Compare and contrast

Mortimer Wines owner Peter Mortimer (Photo: Via SBS website)

It’s always seemed to me that the hand of the winemaker is at least as important as terroir as an influence on the way young wines taste. Backing this up are two shirazes made from the same pick of grapes from Mortimers vineyard at Orange, and vinified by two different winemakers.

The 2015 Mortimers shirazes were made by Orange-based contract winemaker Chris Derrez and veteran Mudgee-based winemaker Simon Gilbert. These very limited production wines are being sold at Mortimers cellar door for $120 a twin-pack. (Club members pay $96.)

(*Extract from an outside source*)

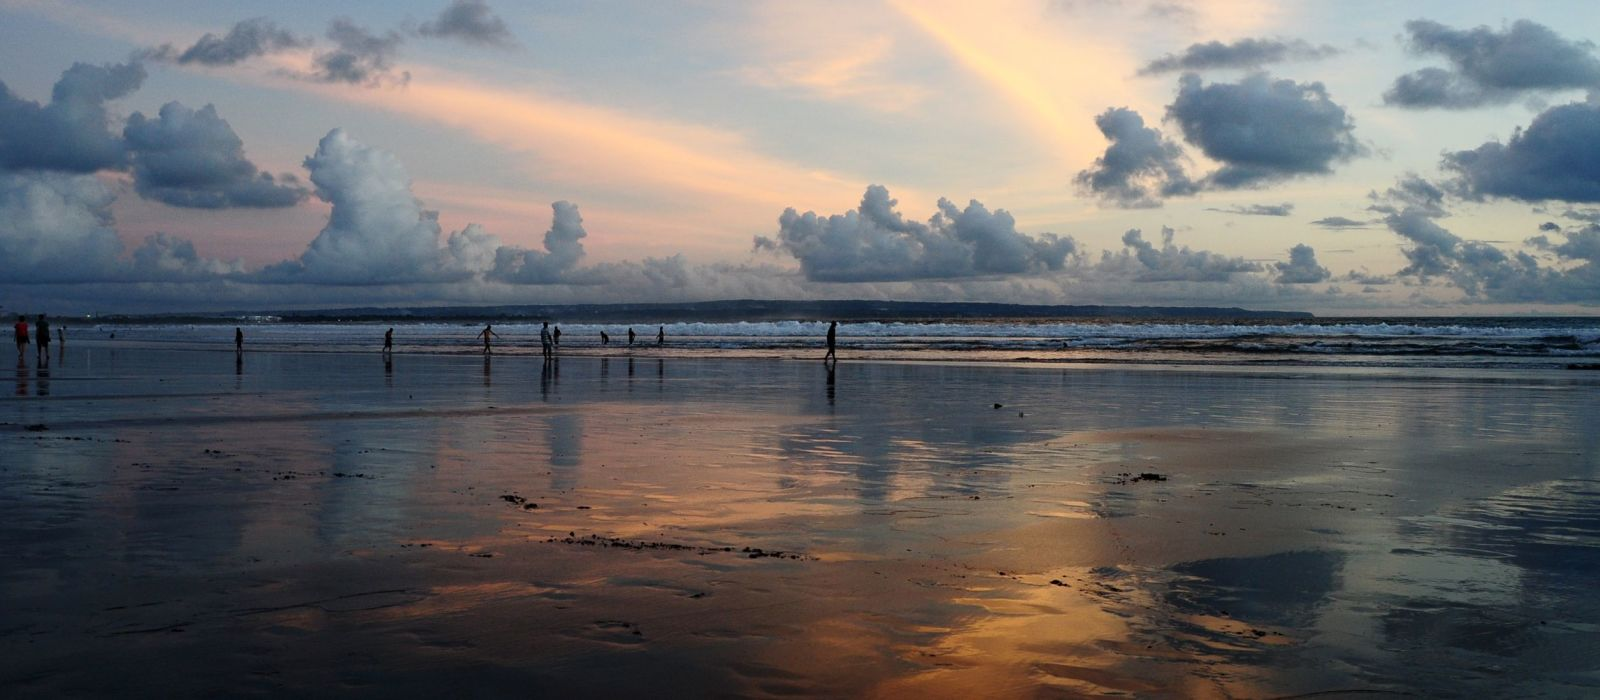 Indonesien: Von Insel zu Insel & Bali Urlaub 6

Derrez is French-born while Gilbert is a fifth-generation Australian – one of his ancestors was Joseph Gilbert who planted the original Pewsey Vale vineyard.

I found both wines to be excellent, but described them quite differently when I tasted them ‘blind’.

The Gilbert wine (tasting) was softer, rounder and more ‘ready’, the result no doubt of having spent seven months longer in oak. Also, the oak was all barriques (225 litres), whereas Derrez used a mixture of puncheons (500 litres*) and barriques. Derrez used all French oak; Gilbert used 70% French, 30% American.

The downside, if there is one, is that the Gilbert wine shows a little more oak on the nose – but it’s hardly overdone.

By contrast, the Derrez wine (tasting) is more fruit-driven, the nose especially showing more primary fruit, which includes a trace of mint. While it tastes younger and fresher, its tannins are still pleasingly mature and supple. I scored both wines at the gold-ribbon level (95 points).

The winemakers did not collaborate at all. Both were provided with all the materials and assistance they needed to make the best wine they could. The grapes were all harvested on March 24, 2015, at the same sugar, acid and pH.

It will be interesting to monitor these wines as they mature, and to that end, I’m keeping a bottle of each in the cellar for a few years.

*The bigger the barrel, the slower the rate of ageing, the more primary fruit is retained and the less oak flavour is extracted.